韓国統一省は3月25日、北朝鮮の最高主権機関で立法権を持つ最高人民会議について、地位と役割が強化されたとの分析を示した。今後、朝鮮労働党の方針を法制度に反映する立法活動が一層活発化するとの見通しだ。
統一省が公表した第15期第1回最高人民会議に関する資料によると、今回の人事では最高人民会議の議長団と常任委員会の体制が一本化された。常任委員長に就いたチョ・ヨンウォン(趙甬元)氏が議長も兼務する形となった。

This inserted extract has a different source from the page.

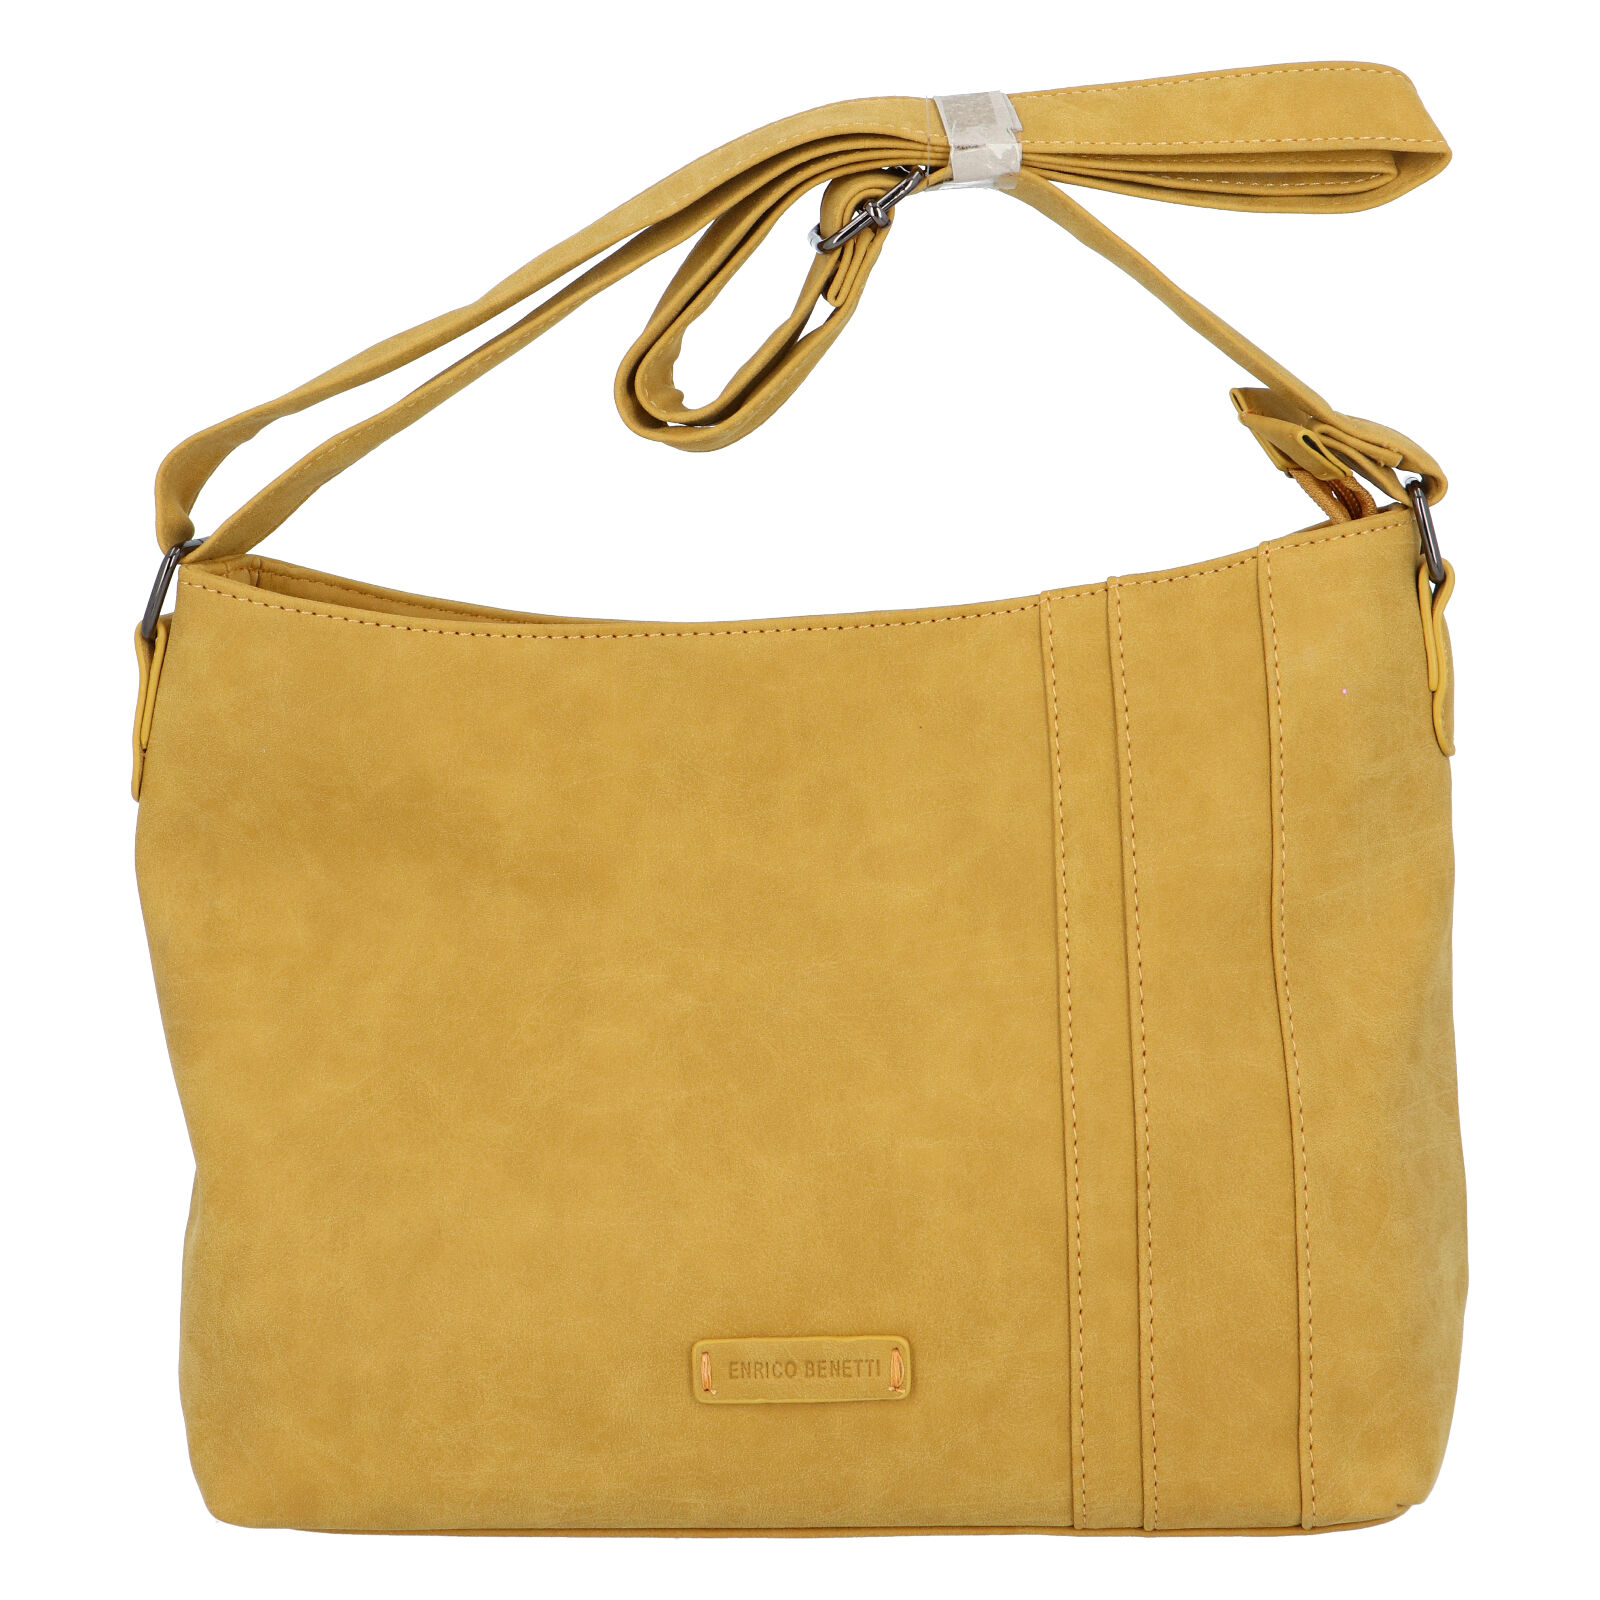 Dámská crossbody kabelka žlutá - Enrico Benetti Marina žlutá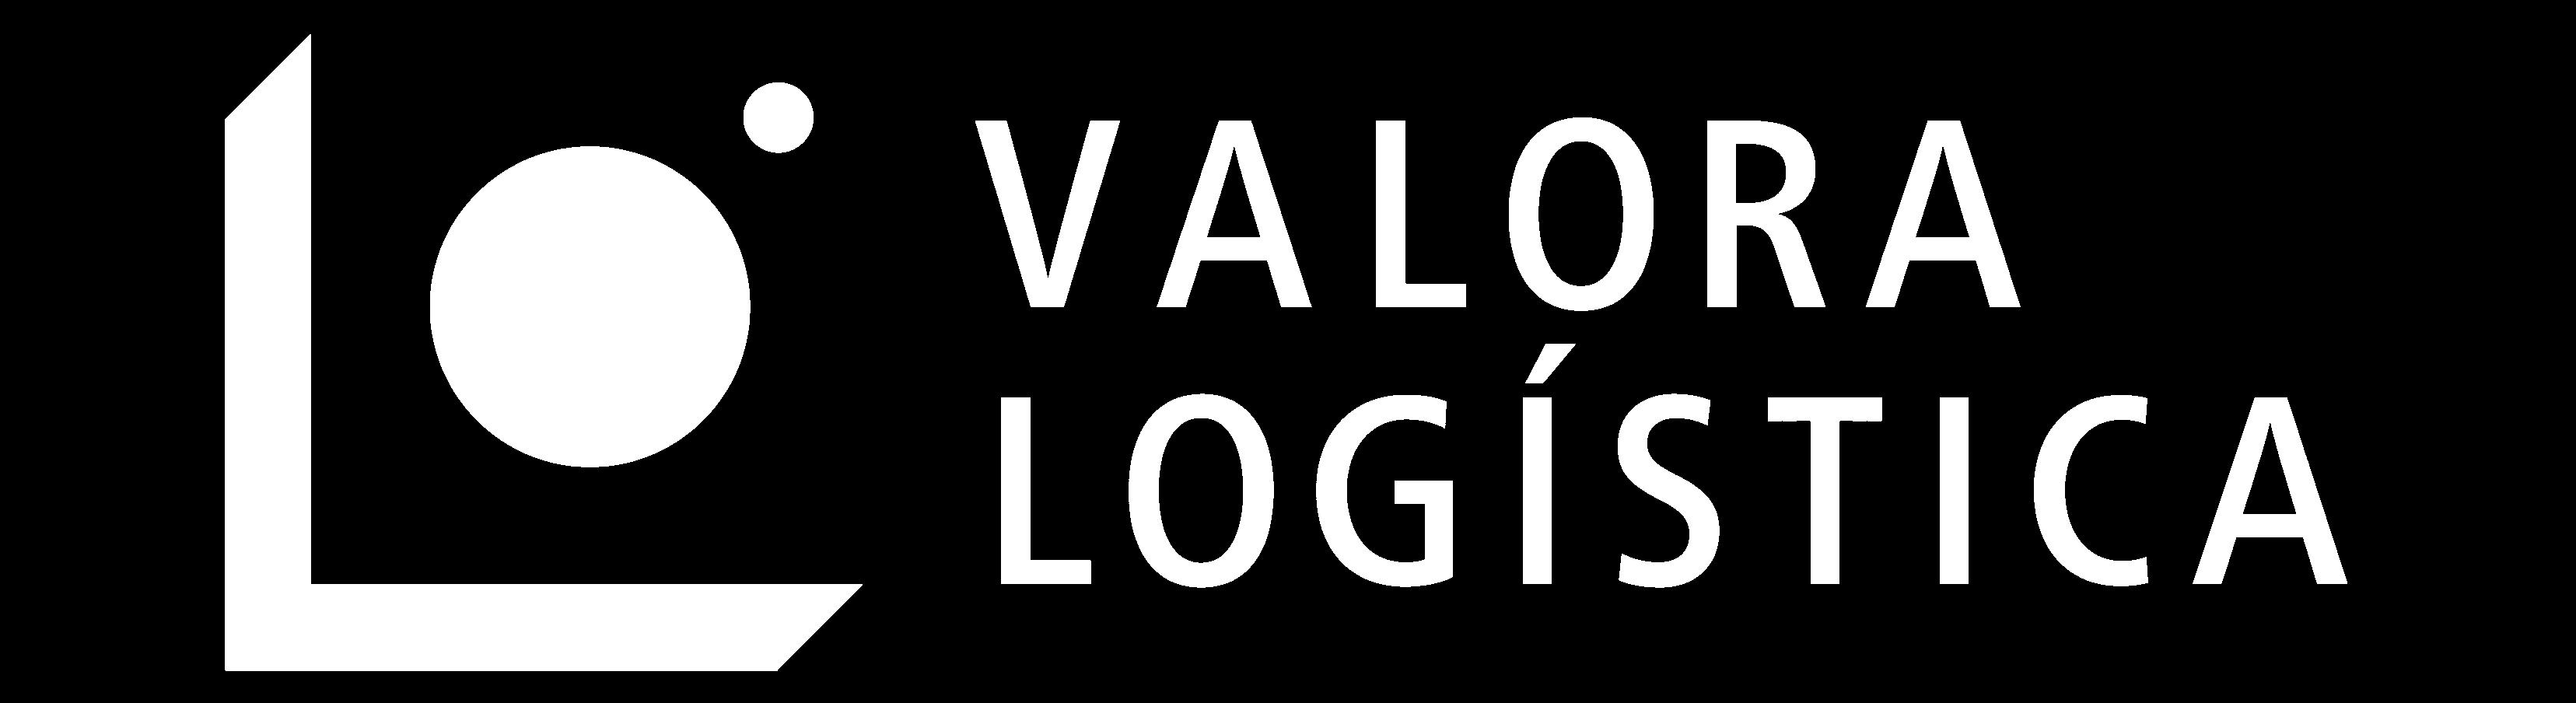 logo valora logística blanco

議長団は会期中の運営を担う臨時組織であるのに対し、常任委員会は閉会中も立法や国家機能を担う常設機関である。常任委員長に権限を集中させることで、意思決定の効率化を図る狙いがあるとみられる。
また、分野別委員会の体制も見直された。各委員長の地位が党部長から書記へ引き上げられ、副委員長ポストも新設された。分野ごとの立法機能を細分化し、運営効率を高める意図がうかがえる。
外交分野ではキム・ソンナム(金成男)氏が委員長を務め、副委員長にはキム・ドクフン(金徳訓)前首相が就いた。対外経済分野を主導する役割を担う可能性がある。
さらに、最高検察所長のキム・チョルウォン(金哲元)氏が国務委員に新たに加わり、法規や規律の統制強化が進むとみられる。
一方、国家保衛相のイ・チャンデ(李昌大)氏の肩書が「国家情報局長」と表記された点も注目される。情報機能の強化とともに、対外的により専門的で通常国家に近いイメージを打ち出す狙いがあるとの見方が出ている。
また、社会安全省を内閣傘下に再編し、警察制度の整備を進める動きも確認された。
最高人民会議は労働党の決定を国家制度として承認する役割を担う。今回の機構改編と人事は、党大会で示された「合理的な部門法の制定・改正」や「最高主権機関の機能強化」を具体化する措置と位置付けられる。
内閣人事では、基幹産業や地方発展、民生分野を担当する副首相ポストに実務型の人材が配置された。これは経済管理体制を細分化し、生産と生活分野の政策執行力を高める意図とみられる。特に基幹産業や軽工業、地方振興は近年の重点分野であり、責任者の格上げによって成果の最大化を目指す動きと分析されている。